Location
- 201 Dover Street Campbellton, New Brunswick, E3N 1R3 Canada 47°59′55″N 66°40′31″W﻿ / ﻿47.998611°N 66.67539°W

Information
- School type: Public, High school
- Motto: A Posse ad Esse (From Possibility To Reality)
- Status: Open
- School district: Anglophone North
- Superintendent: Dean Mutch
- School number: 3823
- Principal: Jon Watts
- Staff: 32+
- Grades: 9-12
- Enrollment: 344 (September 16, 2019)
- Language: English French immersion
- Area: Campbellton
- Colours: White Silver Royal Blue
- Mascot: The Bruin
- Team name: Bruins
- Newspaper: The Bruin
- Feeder schools: Campbellton Middle School Alaqsite'w Gitpu School
- Student Council President: Liana Lanteigne
- Website: sugarloaf.nbed.nb.ca
- ^{‡} All statistics in this infobox (unless otherwise cited) is referenced with

= Sugarloaf Senior High School =

Sugarloaf Senior High School is an English high school, with French immersion, located in Campbellton, New Brunswick, Canada. Its name comes from the nearby Sugarloaf mountain, a local landmark adjacent to the provincial park of the same name.

==Student body==
There are approximately 500 students enrolled at Sugarloaf Senior High School and graduating classes are usually in the 70-100 range.

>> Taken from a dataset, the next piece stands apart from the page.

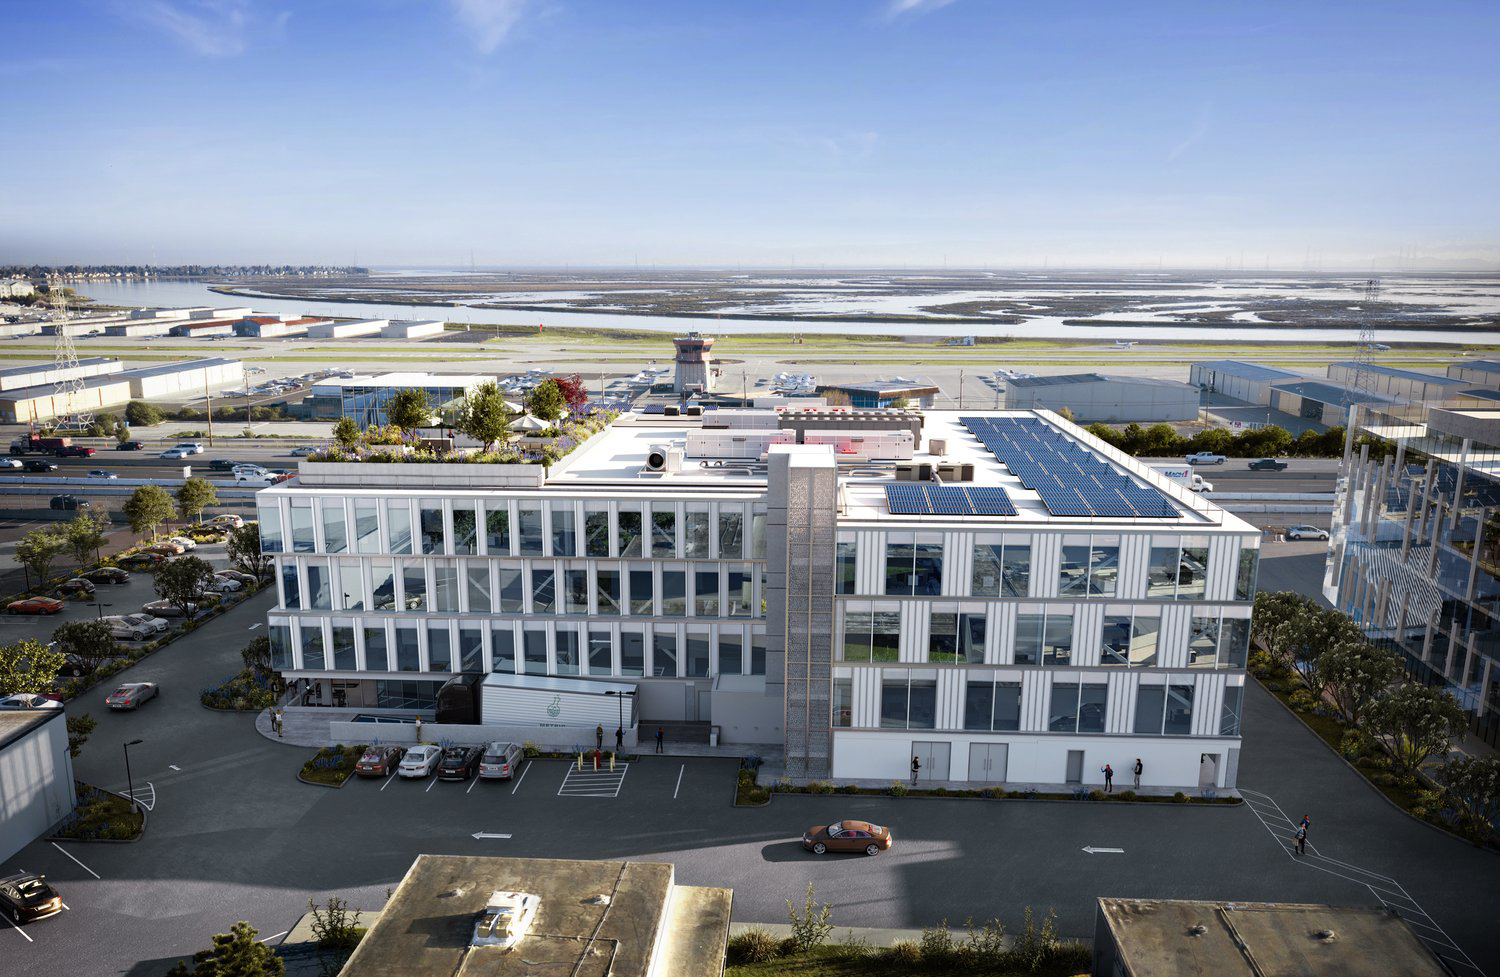 777 Industrial Road with the San Carlos Airport visible in the background, rendering by Stanton Architecture

Classes are taught for grades 9 through 12.

==Athletics==
Operating under the name "Bruins," Sugarloaf Senior High has seen great success in provincial high school sport competition. Most notably, its boys basketball teams have done extremely well in the past, and to date have earned the most championships of any AA ranked school. The Varsity boys soccer team won the provincial championships in the fall 2001 season. Also, the Boys JV basketball team won the NBIAA Provincial tournament in 2007. In 2010, The Senior Boys "AA" Basketball captured the NBIAA "AA" banner in the 1984–1985, 1985–1986, and 2009 - 2010 seasons.

==Student Council==
Students gather at the end of every school year, and participate in a vote regarding the elected positions of the Student Council Executive. Willing candidates follow the proper nomination sequence, required to have an average of 75% or more, then follow a week-long campaign progress, where they gather support from the student body. Grade Level & Class Representatives are elected at the beginning of the school year. The roles of the Student Council Executive and Grade Representatives include: being the voices of the students, organizing school related activities, raising school morale, maintaining moral fiber, and make sure the school year is one that students and staff will enjoy and benefit from.